Building With Numbers: Urban Development and Machine Learning

Building With Numbers Photo

Machine learning and cloud computing are supercharging urban development projects by helping teams find the best design and improve both sustainability and quality of life in neighborhoods.

Finding the right design for an urban project can have huge implications for the way people live—for example, by providing easy access to parks and public spaces or by meeting energy demands in a sustainable manner.

The United Nations expects that another 2.5 billion people will live in cities by 2050, and to ensure people can live comfortably, development projects will need to reflect their changing needs.

But it can take architects, developers, project managers and urban planners months to develop feasible ideas for urban developments. Normally, different teams focus on their own goals in their own areas of expertise, so when they meet to present their concepts to each other, they may not always be on the same page.

“A developer will talk in terms of spreadsheets and an architect will want to see a 3D model, while someone doing traffic analysis [of an urban development] will want to see a huge diagram,” said Douwe Osinga, director of engineering at Sidewalk Labs. “Everybody regroups, talks to their other people, they come back two weeks later, and it takes a very long time. The number of actual plans that you consider for a project is very low because you spend all this time talking across each other.”

Millions of design possibilities

This has serious implications for projects as it means the design may not be the best economy of scale, and residents might miss out on living in a neighborhood that gives them the best standards.

“The most obvious problem we often run into is the attention between affordability and quality of life,” Osinga said. “A developer wants to deliver a number of units, while the people who live in the city have certain requirements about their quality of life.”

Over the past year, Sidewalk Labs has been working on this problem for project managers. Last year, the team created a design tool prototype to help urban development teams find better design options than what common time and cost constraints normally allow.

In October 2020, Delve was launched. It uses machine learning and cloud computing to sort through millions of different combinations for urban development projects by looking at the core components of cities such as buildings, open spaces, amenities, streets and energy infrastructure.

The model was stress-tested by developer Quintain in a project at Wembley Park in London, England. The company used Delve to help design thousands of multifamily, build-to-rent homes on a 12-acre, mixed-use site.

To make the project financially viable, the team needed a number of units to be built, while meeting local daylight standards and preserving open space. But they were struggling to find a solution using traditional urban development methods.

By using Delve, the project was able to analyze several different possibilities and find versions of the plan that could deliver more units and increase daylight and space for residents. Teams on the project could input their priorities in the system and get feedback about what potentially worked and did not.

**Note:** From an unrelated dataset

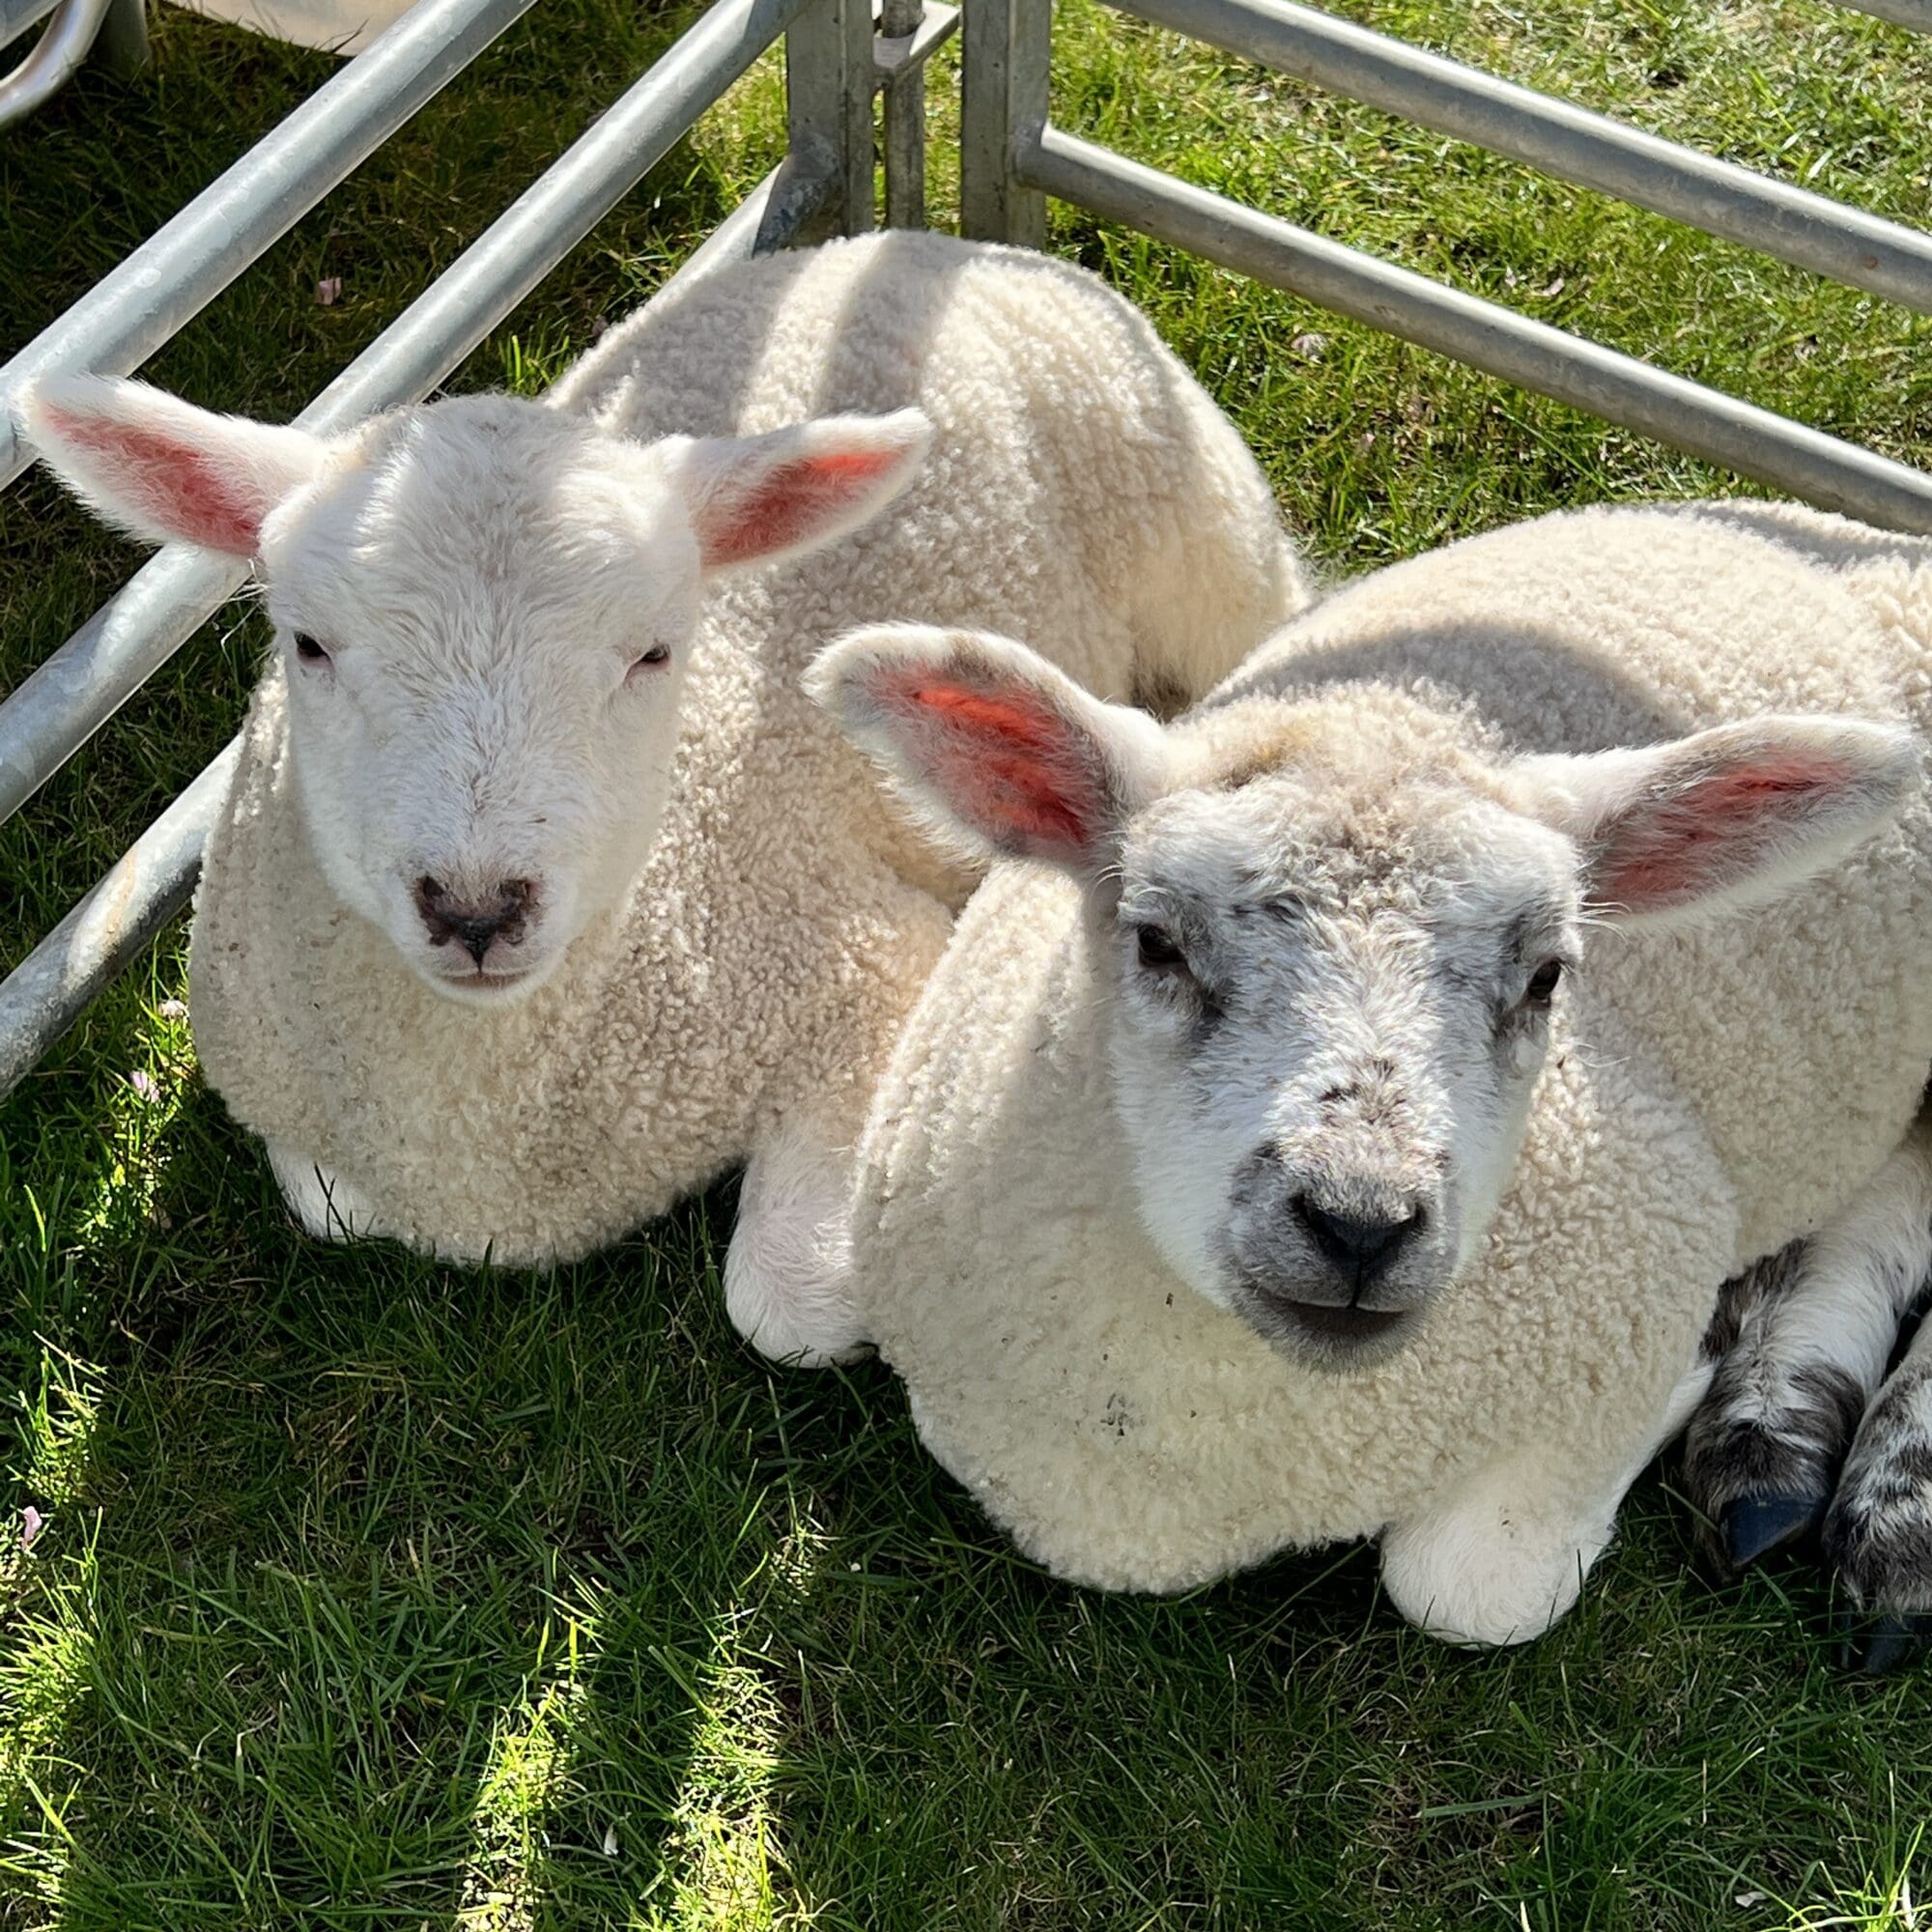 2 lambs sat on the grass
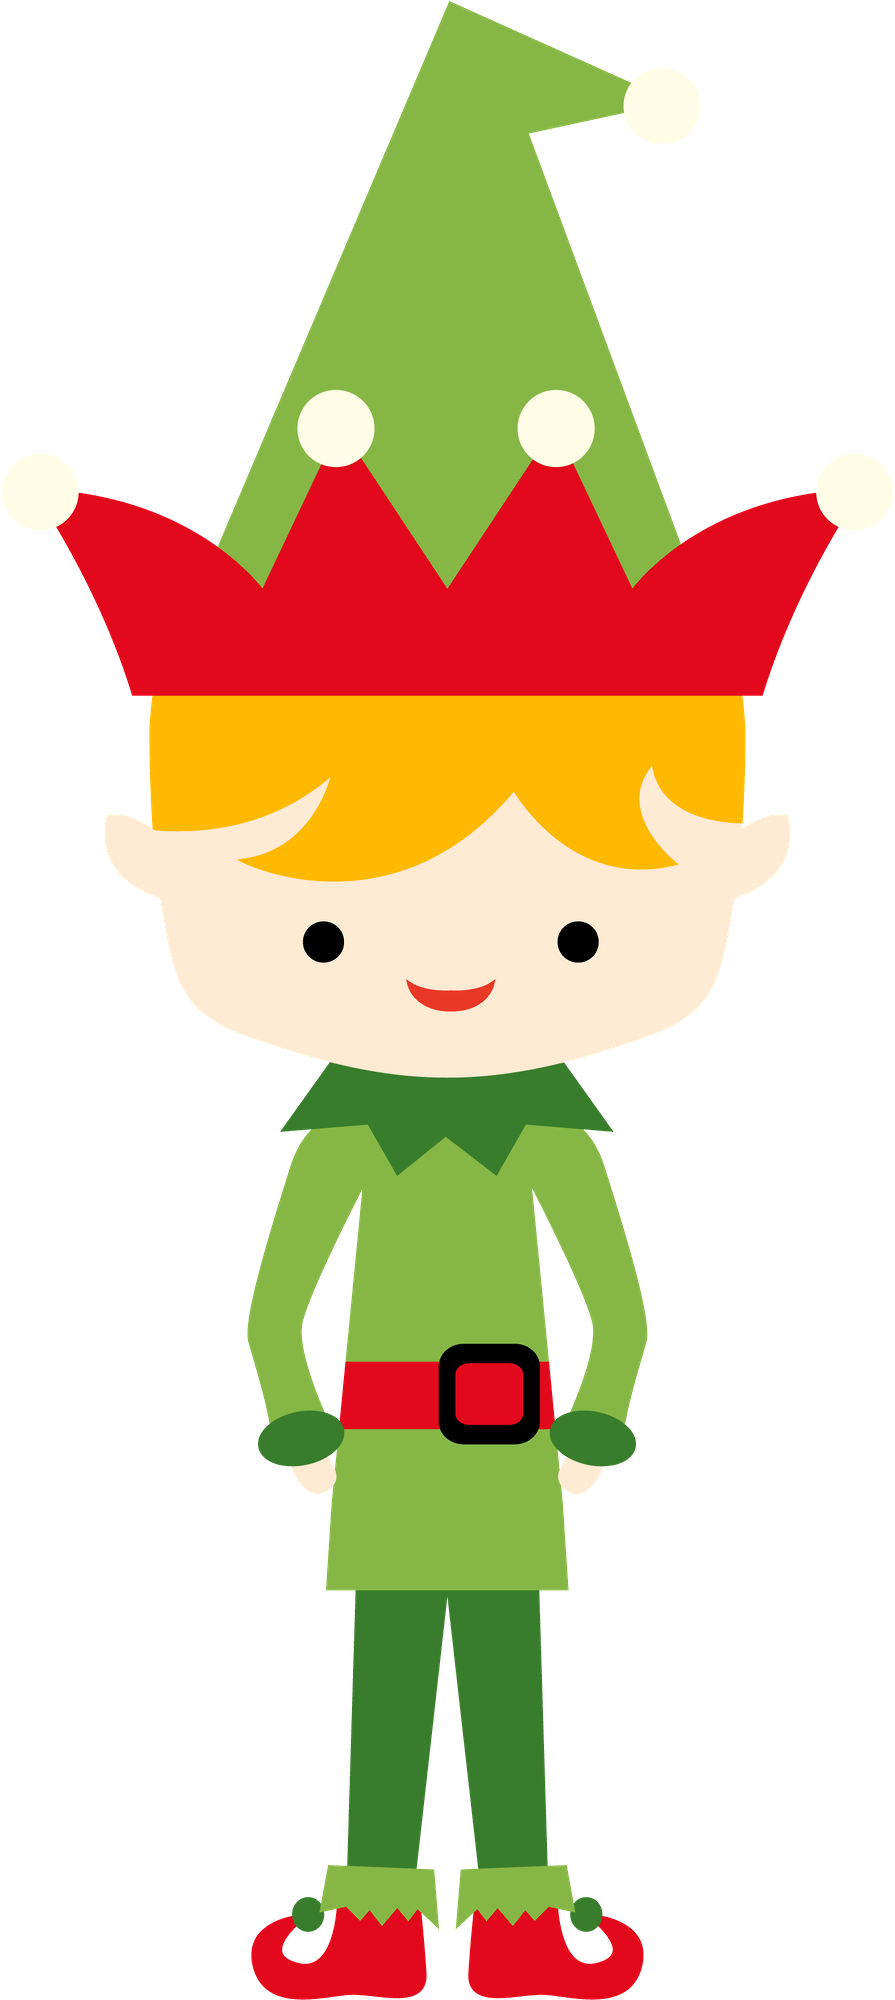 A Cartoon Of A Elf

“The developer can see this is the profit margin, this is number of units I can offer,” Osinga said. “The architect can look at the 3D version, and from a traffic analysis point of view, you can see where you expect a lot of people to gather and where more empty spaces are.”

Improving sustainability and quality of life

Osinga expects Delve will help make developments greener as well. The system has a built-in utility demand tool, which can give estimates on measures such as electricity use, waste and water, and rooftop solar intake.

For example, a project manager can see how much sunlight a roof gets and then decide which energy system is needed to give the development the best return on investment.

They can also experiment inside the system and find out what different designs would look like without it being a time-consuming, expensive process.

“If you are a project manager you might wonder what would happen if we increase the park space by 5%,” Osinga said. “What is the cost of that? Allowing people to play with the system should give them the freedom to figure out that they actually can afford to have five to 10 more parks.

Digital Exclusive article developed for Project Management Institute, Inc. by Joanne Frearson. Frearson is a U.K.-based business reporter.